Primary sclerosing cholangitis
is more common in men than women. Initially, many individuals have
no symptoms and the disease is detected because of abnormal laboratory
test results, particularly an enzyme test called alkaline phosphatase.
It usually begins in the 30s, 40s, and 50s, and is commonly associated
with fatigue, itching and jaundice. Episodes of fever and chills from superimposed
infection in the bile ducts occasionally occur and can be distressing symptoms.
The diagnosis of primary sclerosing cholangitis is made by cholangiography,
an X-ray test involving injection of dye into the bile ducts. This is usually
accomplished by an endoscopic procedure called ERCP (endoscopic retrograde
cholangiopancreatography) but also may be done radiologically or surgically.
The course of the disease is unpredictable
for the patient, but is generally slowly progressive. The patient
may have the disease for many years before symptoms develop. Symptoms may
persist at a stable level, be intermittent, or progress gradually. Liver
failure may occur after 7-15 years of disease or even longer. Approximately
10% of patients who have the disease on a long-standing basis may develop
a superimposed tumor of the bile ducts called cholangiocarcinoma.

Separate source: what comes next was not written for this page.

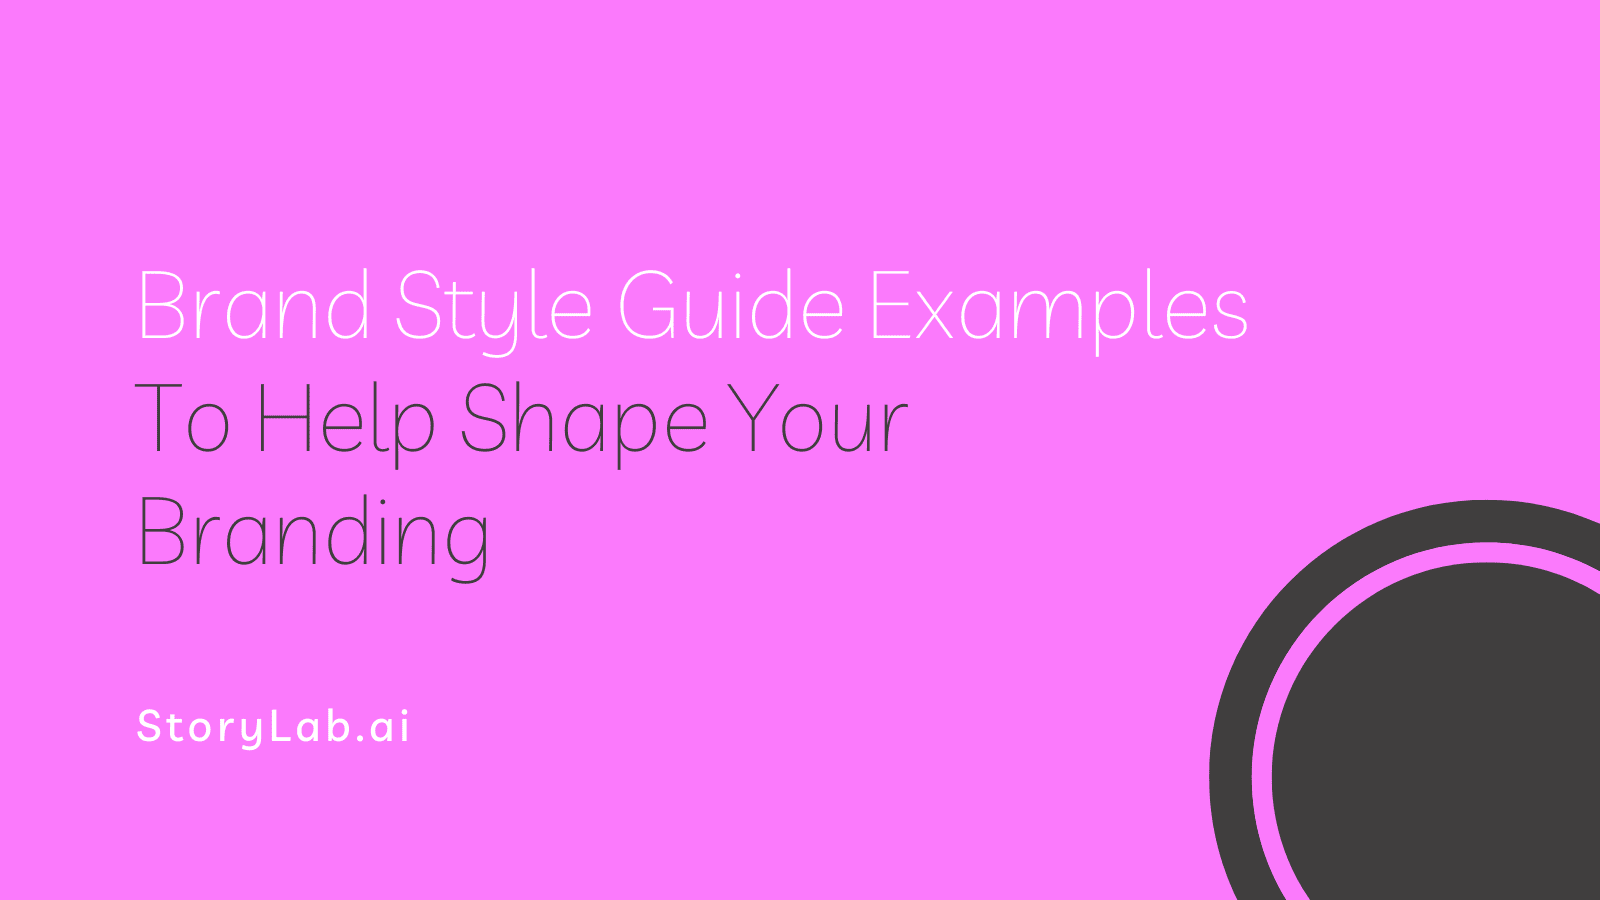 Brand Style Guide Examples To Help Shape Your Branding
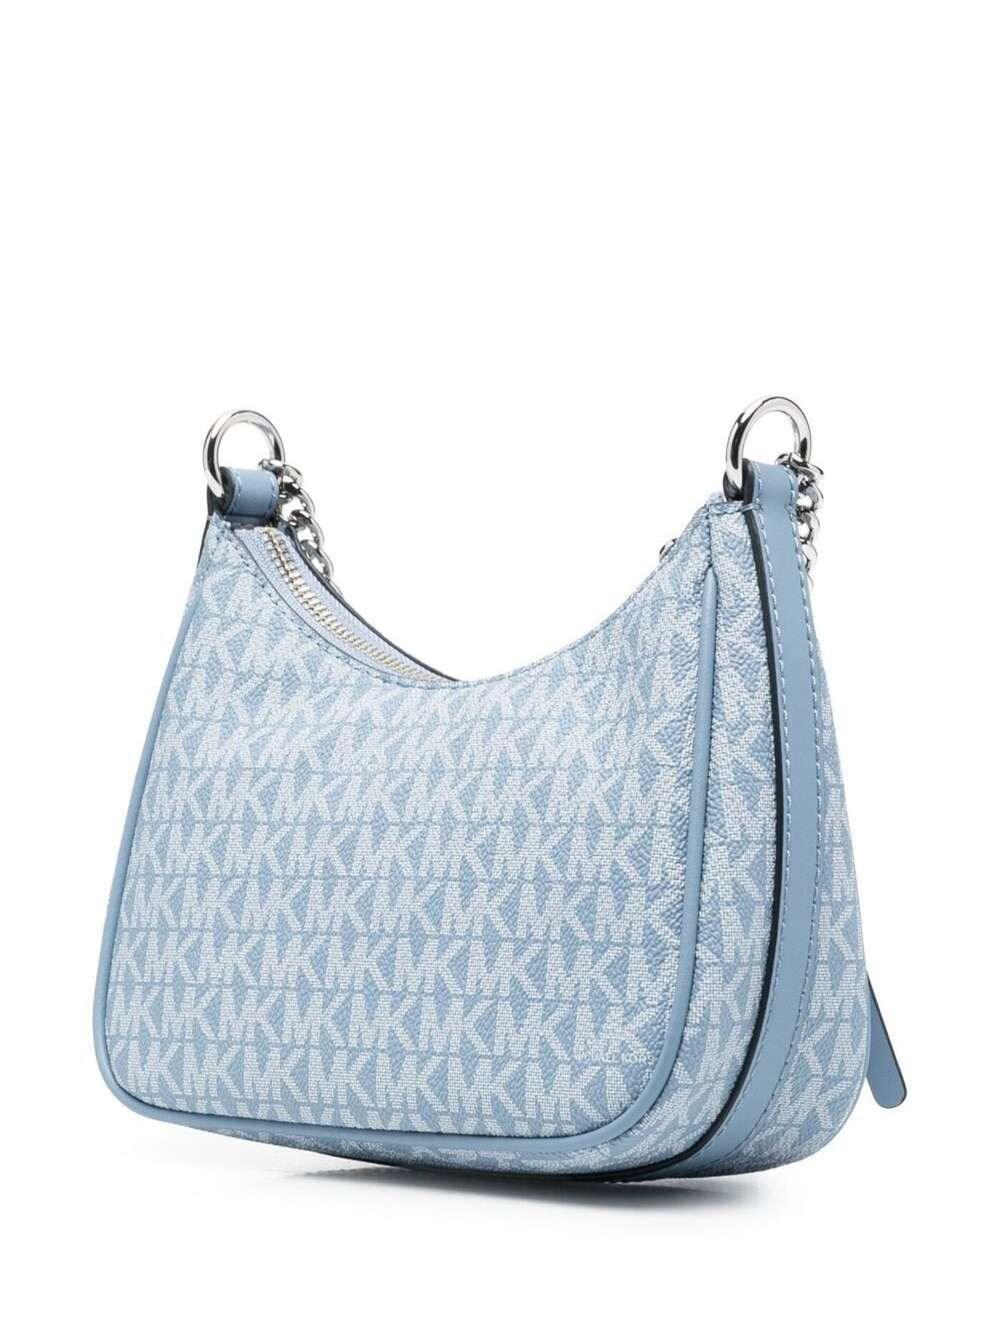 MICHAEL Michael Kors Handbag With Monogram M Michael Kors Light E In Waxed  Canvas With Silver Chain Shoulder Strap in Blue

There is currently no specific
treatment for primary sclerosing cholangitis. Research is under way
to determine the effectiveness of a number of medications. The various
symptoms of primary sclerosing cholangitis often respond effectively to
medications that control itching, antibiotics when recurrent infections
occur, and vitamins to replace those that are deficient. In some instances,
endoscopic, radiologic, or surgical techniques may be employed to open
major blockages in the common bile duct and improve bile flow. When
progressive liver failure occurs in spite of these measures,liver
transplantation may be indicated. It is associated with a survival
rate of 75% or more and a good quality of life after recovery.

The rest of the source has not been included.